Gedung-gedung tua sudah habis tinggal beberapa yang masih utuh, selebihnya hancur dimakan usia karena tak terawat. Kota Banjar kini sedang berupaya membangun infrastruktur. Tak ada kemegahan masa lalu di kota yang baru berusia 9 tahun ini. Di kota ini belum ada hotel berbintang, kafe dan restoran yang representatif seperti di kota-kota lain.
Banjar menjadi salah satu magnet center bagi beberapa wilayah di barat, timur, utara dan selatan Kabupaten Ciamis dan Kabupaten Cilacap barat Jateng.
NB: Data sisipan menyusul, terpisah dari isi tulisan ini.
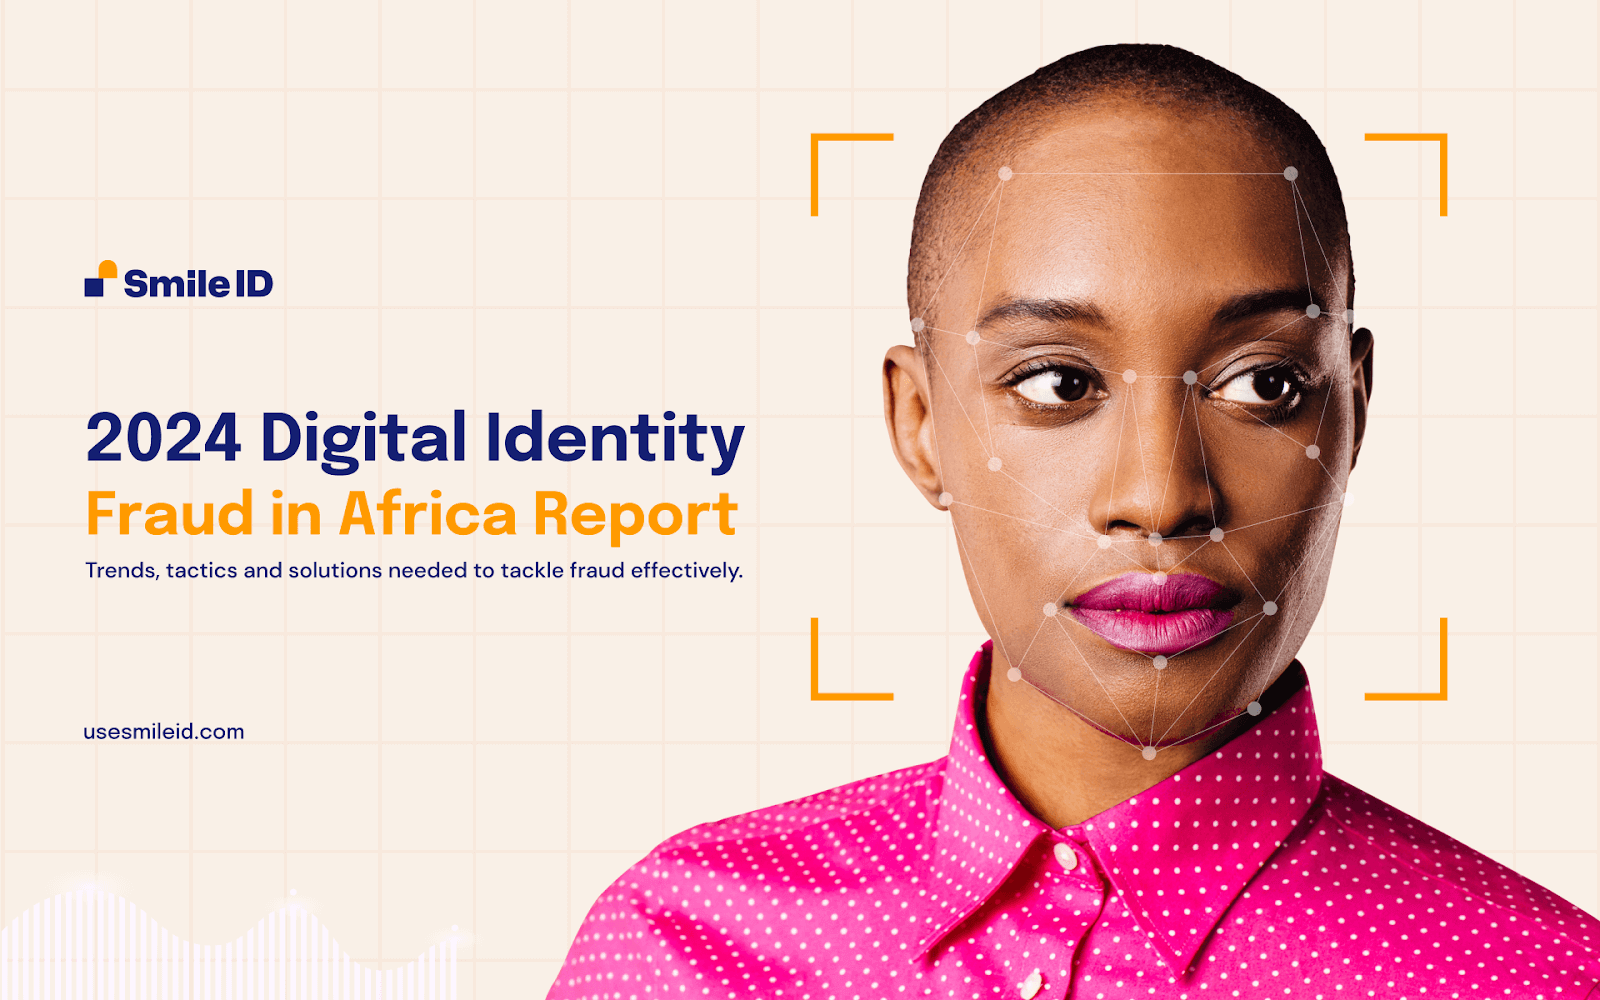 Smile ID hits 100 million verification landmark; launches inaugural analysis on identity fraud in Africa

Turis asing maupun lokal hanya numpang lewat dan beristirahat sejenak di titik keramaian tertentu.
Sampai saat ini, kesan yang melekat pada kota Banjar, bagaikan gadis desa yang mulai mengenal alat kecantikan. Seperti memoles pipi, dan bibir yang nampak cerah, karena keterbatasan sumber daya manusia untuk berdandan glamor. Seperti kota Tasikmalaya saja belum bisa, banyak hal yang harus dibenahi di kota Banjar. Yang paling utama mindset (perubahan pola pikir) birokrasi dan masyarakat belum sinergitas.
Di jantung kota Banjar dibelah olah sungai Citanduy, tak banyak kota yang dibelah sungai di Pulau Jawa. Fungsi sungai Citanduy belum banyak dimanfaatkan, hanya baru sebatas wacana saja. Padahal pada zaman dahulu sungai Citanduy, transportasi utama masyarakat itu untuk menjual hasil pertanian ke pasar. Dari hilir digunakan untuk mengangkut garam dan ikan asin dari Kabupaten Cilacap, dengan menggunakan rakit bambu dan perahu. Itu tempo doeloe.
Di kota ini belum terbangun ikon yang pasti. Daya tarik lain bagi turis asing mengambil pasir di Cijolang anak sungai Citanduy yang berada di perbatasan Jabar-Jateng. Selebihnya harus diciptakan obyek wisata buatan yang bisa menarik wisatawan singgah di kota Banjar. Yang paling mudah merawat peninggalan lama dibangun kembali dalam bentuk zaman dulu tidak berubah.
Menuntaskan riverfront, semua bangunan yang membelakangi Citanduy dirubah. Semua bangunan yang ada di pinggiran Citanduy harus menghadap sungai. Seperti membangun jogging track, di sepanjang aliran Citanduy yang berada di wilayah perkotaan juga dibangun taman-taman agar menambah bergairah kehidupan kota menjadi obyek wisata.
Komitmen mengacu pada Undang-Undang Nomor 18 tentang persampahan dan UU No. 32 tentang Lingkungan Hidup, sebagai payung hukum. Memasuki tahun 2012, kota Banjar harus mulai menggeliat. Kini bukan lagi anak balita, tetapi sudah menjadi anak-anak, yang perlu dididik agar menjadi tahu hidup di sebuah kota di zaman globalisasi dunia (modern). Ini Harus.